Navigating through post-Brexit bonds

If fixed income markets were complicated prior to the British EU referendum, they most certainly are now, with investors hunting for safe haven assets as the prospect for further liquidity measures in the UK and even Europe increased.

For William de Vries, head of Fixed Income at Kempen Capital Management, the defining feature for current fixed income investors remains unchanged: The dominant
influence of monetary policy on the valuation of debt, paradoxically resulting in liquidity issues. “As a result of a large scale purchase of sovereign and corporate bonds, liquidity in the market decreases” he argues.

“There is certainly a gap in perception between regulators, who appear to believe that there is sufficient liquidity, and market practitioners, who keep pointing to the fact that there is insufficient liquidity in the market. Every practitioner I speak to argues that liquidity has declined significantly,” he stresses.

“As a result of Brexit, bonds are only traded in significantly smaller units and we keep wondering whether markets will be able to go on like this in the long run or if there could be cases of scarcity,” de Vries adds.

Amidst the uncertainty of the Brexit vote, yields on ten year Dutch sovereign bonds fell to -0.003% by mid- July. The persistently low yield is certainly bad news for
long-term investors such as Dutch pension funds; as of June 2016, their average coverage ratio stood at 97%, according to Aon Hewitt.

But despite record low yields, investors trading bonds before they matured actually received quite significant returns, as De Vries points out. “Returns on government bonds with a longer maturity have actually been brilliant, but of course it is now our responsibility to point out to our client that this is unlikely to remain the same.” For example, while yields for Dutch or German 30 year bonds were negligible, had they been bought at the beginning of 2016, trading gains would have been in the
two-digit figures.

With chances high that this trend might change, De Vries’ currently advises clients to hold a relatively higher percentage of cash. “There is very little demand among our clients for high yield or emerging market debt. I think that will only pick up once there is a correction in Europe,” he adds. “At Kempen, we made the decision to invest increasingly in corporate bonds. While we do still invest in sovereign bonds, the returns no longer stand in relation to the risks.”

“For European investors, the key factor will be to diversify their investments, and not to purely invest in euro denominated debt. This then generates better than anticipated returns and an opportunity to control currency and volatility risks,” he suggests.

Does he consider the risk that the Brexit impact could spread across the eurozone, with potentially disastrous consequences for European sovereign debt? De Vries remains sceptical, highlighting that the shock effect of the British vote might have acted as a deterrent. Nevertheless, he warns that there are certainly dangers.“Hatred of EU institutions has been stirred for a while now, so it is not surprising that people are very distrustful.

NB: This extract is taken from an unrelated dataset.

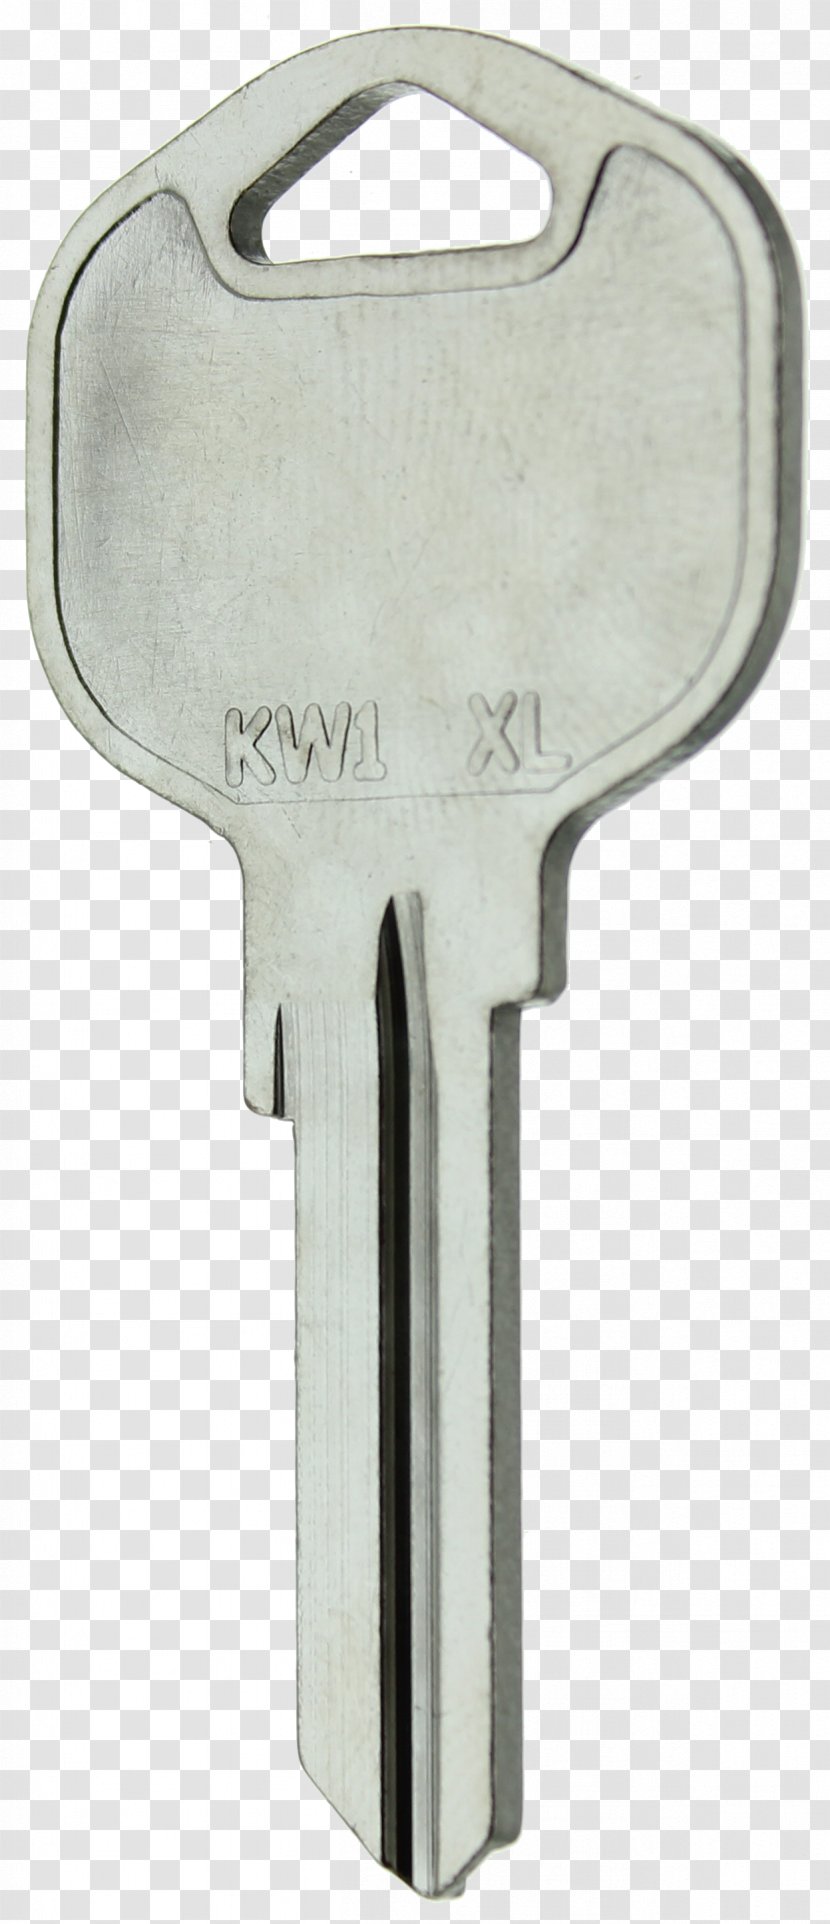 Padlock Key Blank Craze Inc Tool Transparent PNG

“Holding a referendum would definitely be a big challenge for the Netherlands, and it would be important to ensure that we define the question correctly, rather than basing it on emotions, as was the case in the UK.”

“Europe will have to seriously reconsider how it wants to proceed, but at the same time I doubt that the relationship with Britain will change significantly over the next two years. Yes, there will be a different status in negotiating trade deals but in some ways, Britain has always had a separate status. I am confident that we will still benefit from European integration in the long run,” he concludes.